Romney and everything he and the GOP stand for then must be dismissed outright as antithetical to our democratic traditions. Well, what do we have then? Jill Stein, the Green Party candidate was arrested when she tried to gain access to the Town Hall debate. Third Party candidates have almost no momentum this year (mostly due to media blackout and unfair playing rules.) That leaves voters with Obama, who arguably governed as Bush might have had he a third term, but who articulated the abridgements of civil liberties better than the Texan Bumpkin. Otherwise how could one explain how Democrats have gone from condemning waterboarding as torture to condoning executive-ordered drone assassinations? Keep in mind that a vote for Obama is essentially a vote for The Surveillance State of which our president has come to be one of its principle architects. It is important to note that Obama did not bother much with the ‘hope’ thing this time around. He might respect our intelligence, even if he doesn’t honor our privacy.

So what has he promised in this endlessly dull, insipid, uninspired, misanthropic election cycle? Well, so much as we can tell, he’s pledged that he wouldn’t be as bad as Romney and we at Heso agree. Thus, a vote then for Obama is a vote for competence. He probably won’t privatize Social Security and it’s unlikely with him as Commander-in-Chief, we’ll hear dispatches of G.I. Joe from the Gates of Tehran.
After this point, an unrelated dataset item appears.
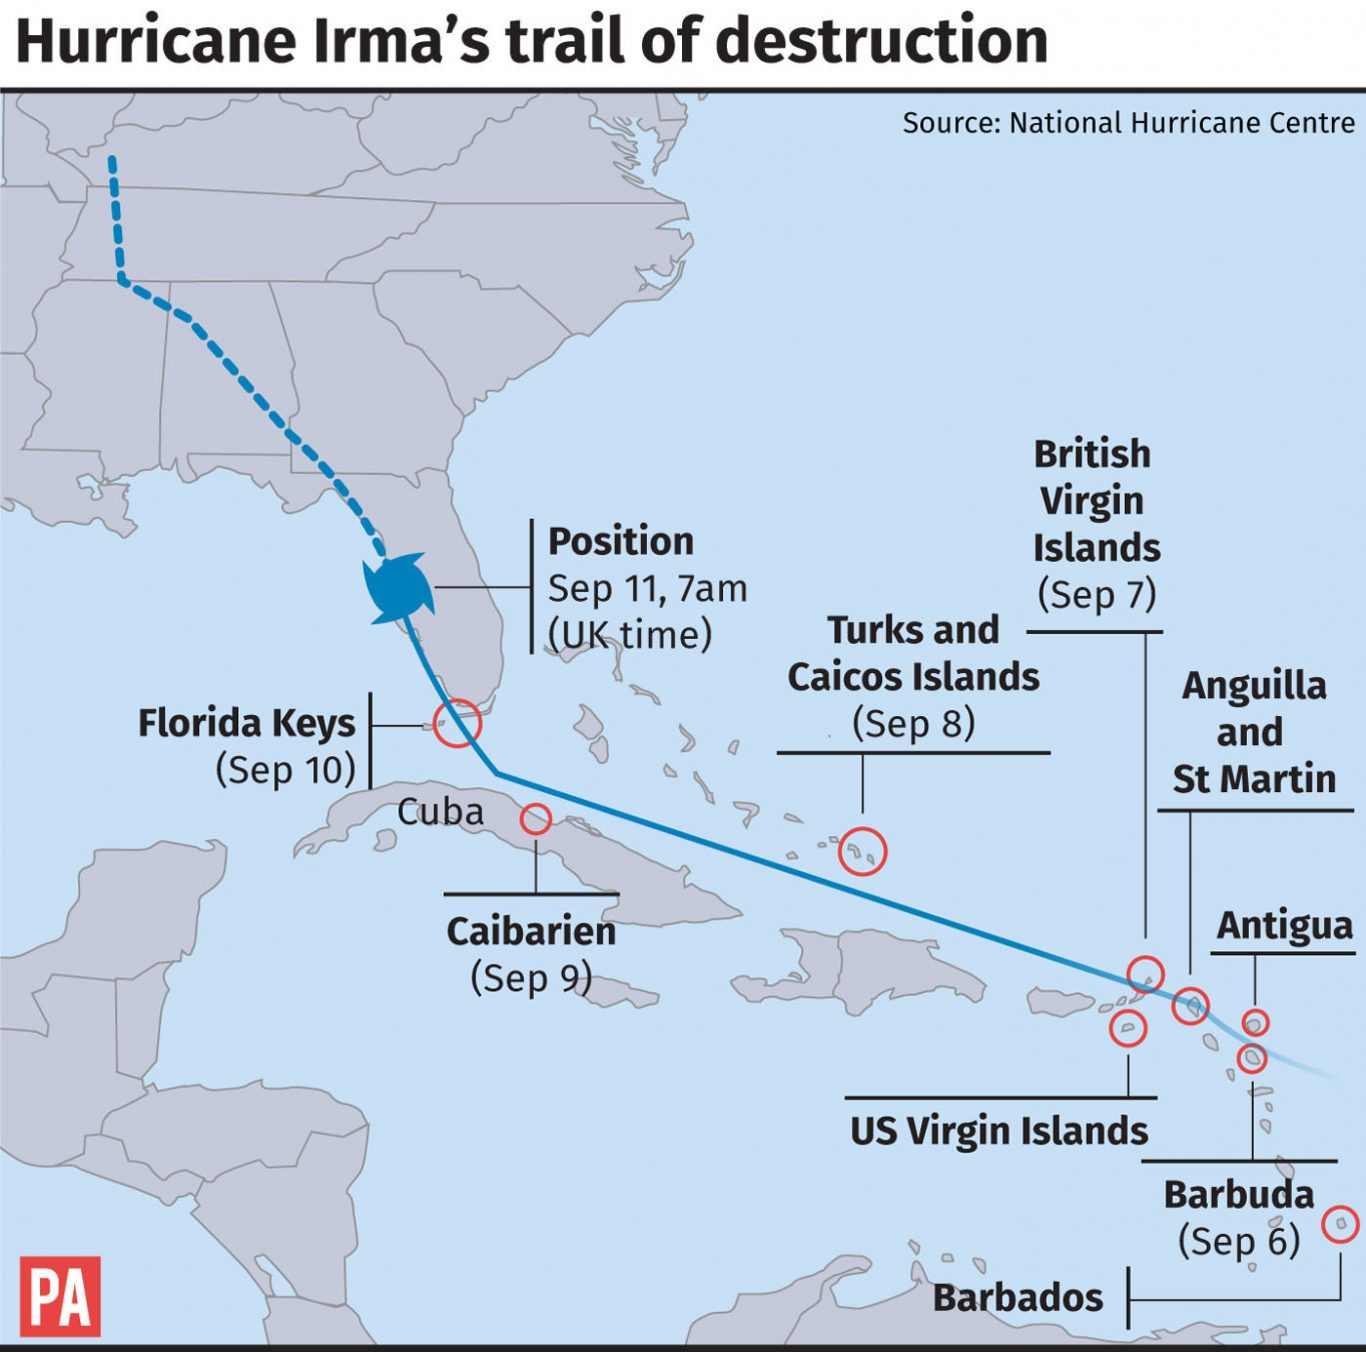 Hurricane Irma's trail of destruction

We’ll get the status quo, which isn’t that great if you’re living day-to-day and paycheck-to-paycheck but it beats the heck out of the Made in the USA dystopian disaster the GOP might engineer should they have their childish hands on The War Machine’s joystick.

Because the GOP is out of touch with Americans (by virtue of its leadership and talking heads demonstrating unhinged sociopathic behavior) we at the magazine don’t much believe in the hype of a close election. The mainstream media has Ford Explorers, Big Macs and Verizon phone plans to sell so they need us turning in to the election cycle, which often feels like it’s 10% content, 90% poll tracking. The President will likely win this election, but that doesn’t mean we can look forward to good times. Though Obama had once been a community organizer and constitutional lawyer, he has really come into his own as a cold-blooded technocrat, legitimizing the worst of Bush’s abuses (illegal detention, runaway defense spending, obsequiousness to Wall Street). It seems that the Supreme Court’s ruling on Citizens United has benefited the President as much as the venture capitalist, the corporations having hedged their bets equally. Nearly a billion dollars has been raised and spent by each candidate.

We at Heso think what Winston Churchill said about democracy, that it “is the worst form of government except all the others that have been tried,” is bunk. We can do better. The Scandinavian Model is proof of that. It might not be possible in such a large heterogeneous country with a militaristic background but we have already done better in the recent past, namely the fifty years of relative middle class parity between the elections of FDR and Ronald Reagan.

While we take Churchill’s cynicism with a grain of salt, we take Martin Luther King’s words more seriously, especially, “The arc of the universe is long but it bends towards justice.” We might be wrong but we believe the GOP, with its characteristic racist nativism, hateful misogyny, religious fundamentalism and class war agenda, has no future in the increasingly tolerant, secularized, cultural plurality that is Tomorrow’s America. In spite of the evidence, we are optimists, even if once more, the lesser of two evils is still, well, somewhat evil.

‘Change’ is gonna come, but we don’t believe it will necessarily come from D.C. It’s gonna be us, grass roots, after the tempest, one community at a time. Even the worst storms are temporary. And in the afterglow amid tomorrow’s beautiful light, some rebuilding will begin.